Analogously to the previous discussion we can write the model for this data as
\[y_{ij}=\mu+\alpha_i+\beta_j+\epsilon_{ij}\]
for i=1,..,4 and j=1,..,24
In matrix form we have
\[\pmb{y}= \begin{pmatrix} y_{1:1} \\ \vdots \\ y_{4:24} \end{pmatrix}\]
\[ \pmb{X} = \begin{pmatrix} 1 & 1& 0 & 0 & 0 & 1 & 0 & ... & 0\\ 1 & 1& 0 & 0 & 0 & 0 & 1 & ... & 0\\ \vdots & \vdots & \vdots & \vdots \\ 1 & 1& 0 & 0 & 0 & 0 & 0 & ... & 1\\ 1 & 0& 1 & 0 & 0 & 1 & 0 & ... & 0\\ \vdots & \vdots & \vdots & \vdots \\ 1 & 0& 0 & 0 & 1 & 0 & 0 & ... & 1\\ \end{pmatrix} \]
\[\pmb{\beta} = \begin{pmatrix} \mu & \alpha_1 & ... & \alpha_4 & \beta_1 & ... &\beta_{24}\end{pmatrix}'\]

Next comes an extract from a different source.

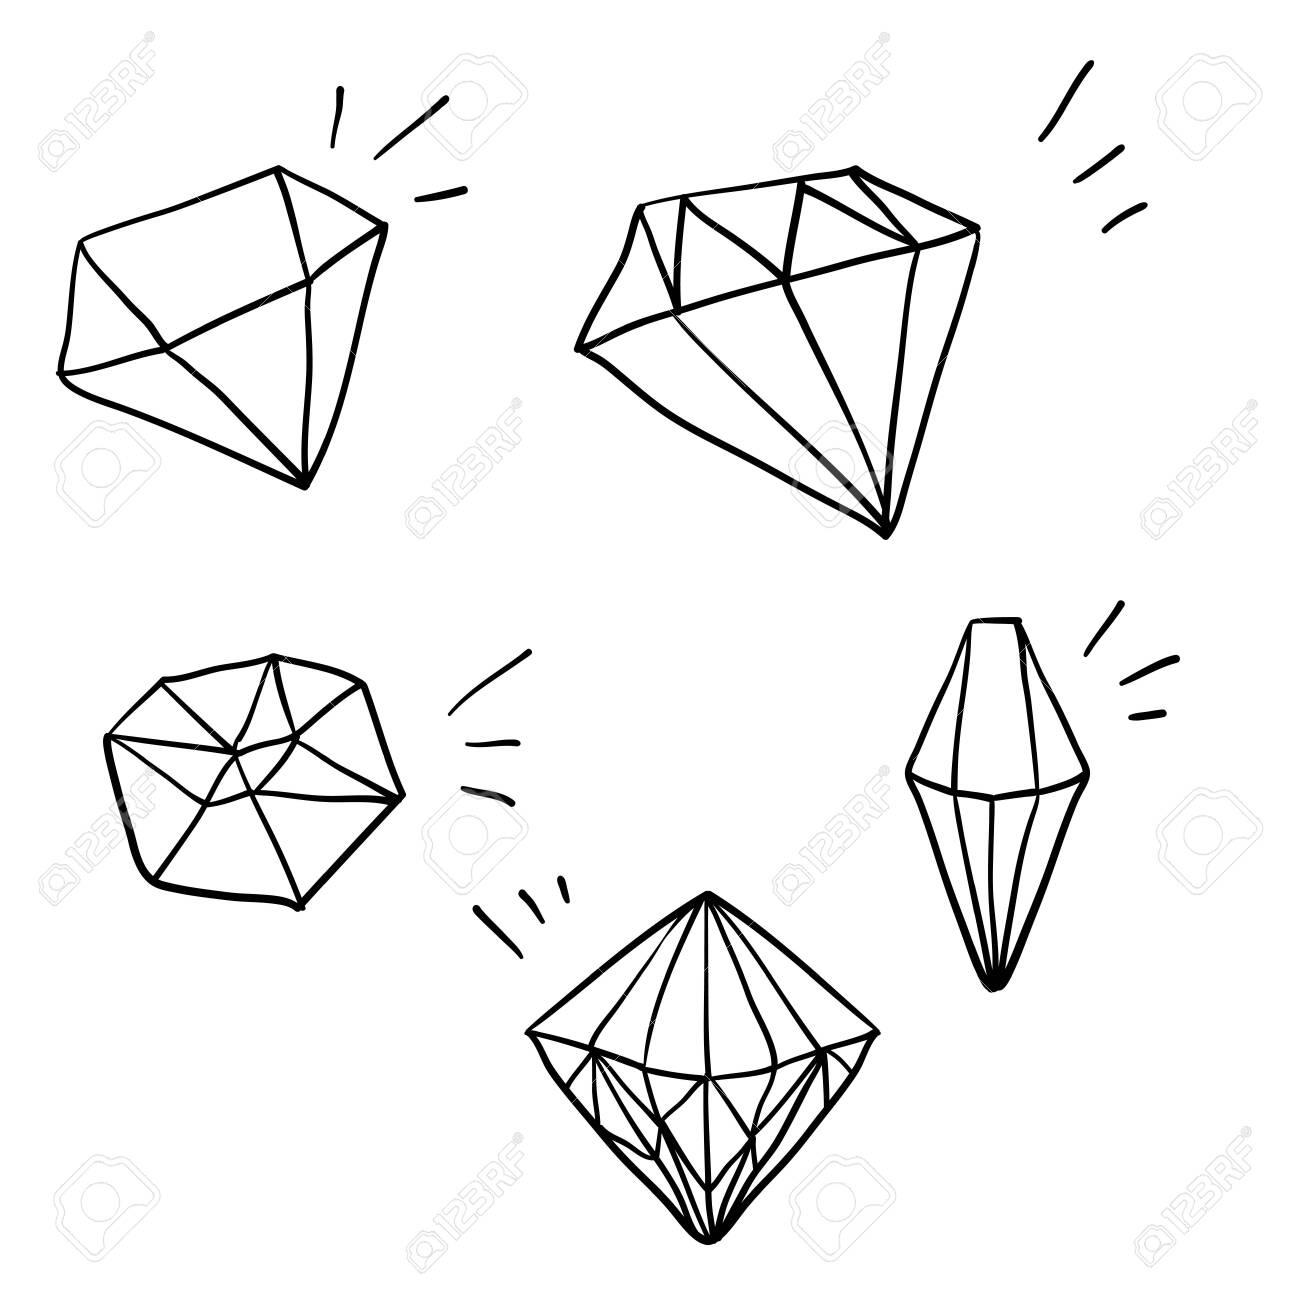 doodle diamond illustration vector with hand drawn cartoon style vector - 137781554

\[\pmb{\epsilon}= \begin{pmatrix} \epsilon_{11} \\ \vdots \\ \epsilon_{4:24} \end{pmatrix}\]
then the model is
\[\pmb{y}=\pmb{X\beta}+\pmb{\epsilon}\]
How can we create such a matrix \(\pmb{X}\) in R? Note for any block with 1’s in columns 2 to 5 the following column form a diagonal matrix. Let’s illustrate this with i=3,j=4 instead of 24, so it is easier to see:
make.X=function(I, J) {
X=NULL
for(i in 1:I) {
tmp=matrix(0, J, I)
tmp[, i]=1
X=rbind(X, cbind(tmp, diag(J)))
}
X=cbind(1, X)
X
}
make.X(3,4)
## [,1] [,2] [,3] [,4] [,5] [,6] [,7] [,8]
## [1,] 1 1 0 0 1 0 0 0
## [2,] 1 1 0 0 0 1 0 0
## [3,] 1 1 0 0 0 0 1 0
## [4,] 1 1 0 0 0 0 0 1
## [5,] 1 0 1 0 1 0 0 0
## [6,] 1 0 1 0 0 1 0 0
## [7,] 1 0 1 0 0 0 1 0
## [8,] 1 0 1 0 0 0 0 1
## [9,] 1 0 0 1 1 0 0 0
## [10,] 1 0 0 1 0 1 0 0
## [11,] 1 0 0 1 0 0 1 0
## [12,] 1 0 0 1 0 0 0 1
The rank of our matrix \(\pmb{X}\) is
qr(make.X(4,24))$rank
## [1] 27
but there are 29 (=1+4+28) parameters, so again not all can be estimated.